Currently I'm looking at all these but the necessary countability of a
strictly descending uncountable chain ((r_alpha, ..., r_beta), alpha <
beta) of irrationals seems to belie what is otherwise the
uncountability of the irrationals, given a transfinite course-of-
values schema defining them. Otherwise there don't exist choice
functions on R, which do exist in ZFC.

Then there was further consideration and multiple heuristic examples
of why the rationals carry as much weight in the reals as the
irrationals. For example, unless the (0,p) \ U (0, p_i), 0 < p_i < p
is non-empty, then for any real number it is defined as the set of
either the rationals, or the set of irrationals, less than it. If
that set-difference was non-empty then it would contain a rational,
and a distinct rational, for p. If it's empty, then it is so for the
construction using rationals as well, with there not being non-
rational irrationals between a rational and all different rationals
(completeness of rationals), which is not considered to hold in the
standard real numbers. It takes many less rationals than irrationals
to fully specifiy a real number.
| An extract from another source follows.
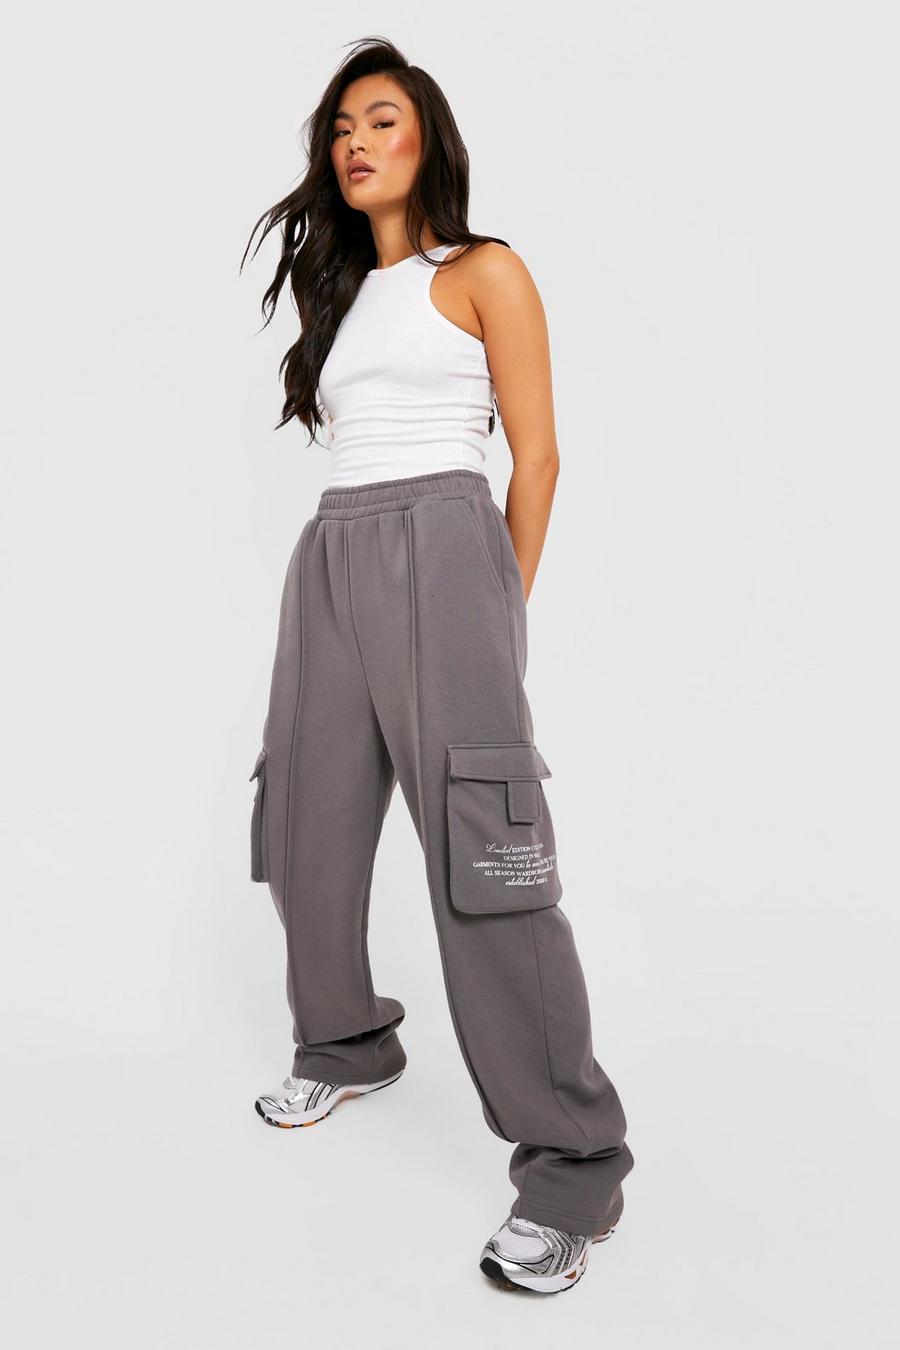 Pantalón deportivo cargo con estampado de texto y pernera ancha, Charcoal grigio

Another example considered
convergent sequence representation of reals, and of how each of
infinitely many finite subsequences generated a distinct real, and the
infinitely many generated only another.

The point of this is to find more analytical reckonings to extend the
integral calculus, obivously, in redifferintegrosystems, basically for
finding classes of non-real functions with reasonable analytical
properties.

It's said sometimes that well-orderings of the reals are "totally
random", but any enumeration of a subset of the reals forms a subchain
of a well-ordering of the reals. In the standard reals, there are no
ordering-sensitive properties of the elements, thus that is so.

Ross

--
Finlayson Consulting

.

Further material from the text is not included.